__WHAT YOU ARE ASKED TO DO__.
The lines to print run from the top of the material below to the line with "Balatonvilágos Község Önkormányzata", inclusive; please copy them exactly, without pictures.

__COLLECTED MATERIAL__.
──────────

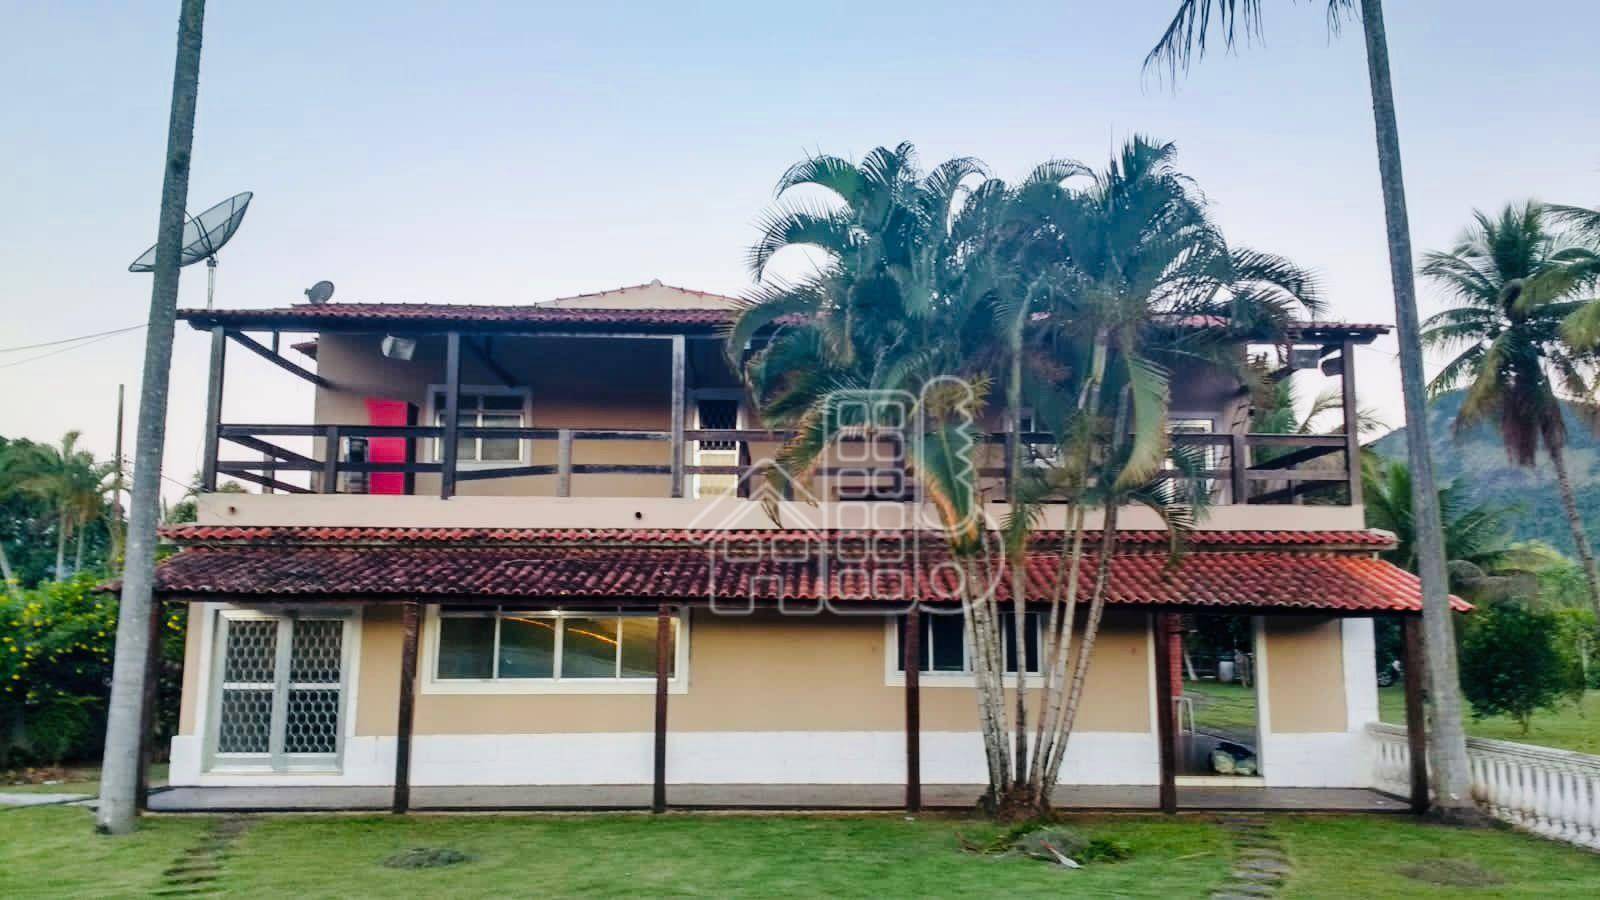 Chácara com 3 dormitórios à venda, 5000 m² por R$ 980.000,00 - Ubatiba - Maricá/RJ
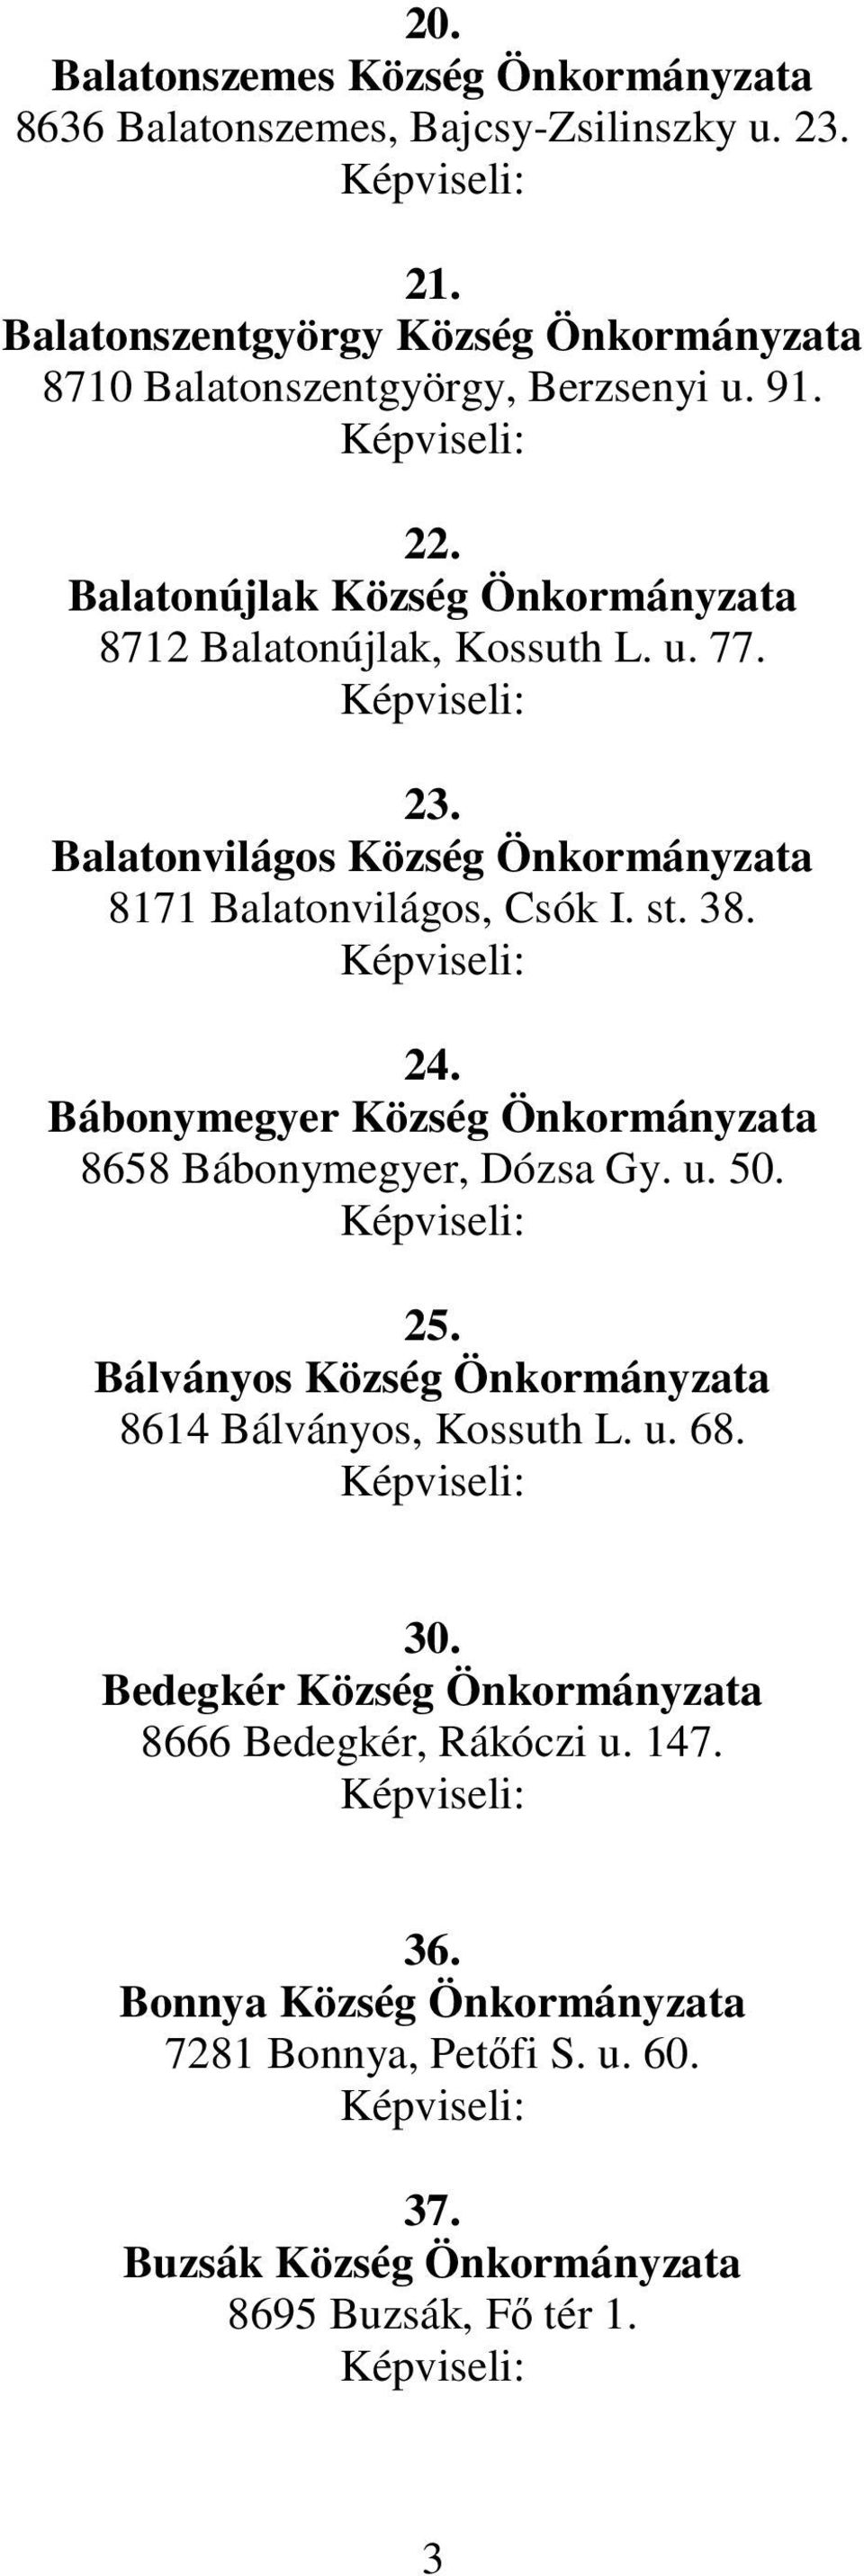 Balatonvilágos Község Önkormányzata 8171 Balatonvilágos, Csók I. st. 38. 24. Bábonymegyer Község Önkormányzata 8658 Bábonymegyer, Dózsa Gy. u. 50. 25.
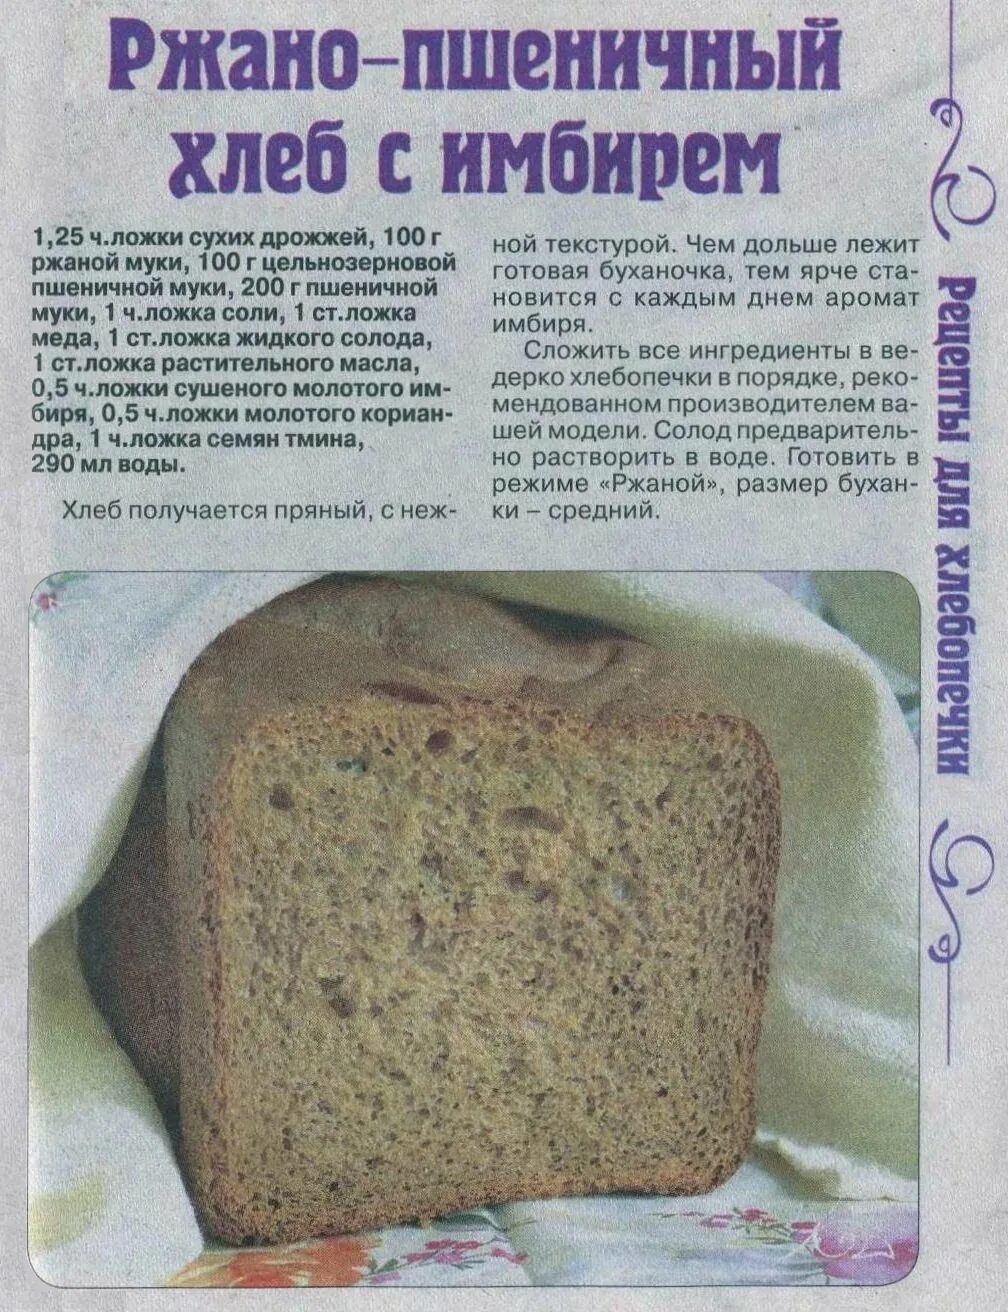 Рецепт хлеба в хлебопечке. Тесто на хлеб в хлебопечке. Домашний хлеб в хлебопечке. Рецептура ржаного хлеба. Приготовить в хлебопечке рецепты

──────────

__SOLUTION__.
 Chácara com 3 dormitórios à venda, 5000 m² por R$ 980.000,00 - Ubatiba - Maricá/RJ
 Balatonvilágos Község Önkormányzata 8171 Balatonvilágos, Csók I. st. 38. 24. Bábonymegyer Község Önkormányzata 8658 Bábonymegyer, Dózsa Gy. u. 50. 25.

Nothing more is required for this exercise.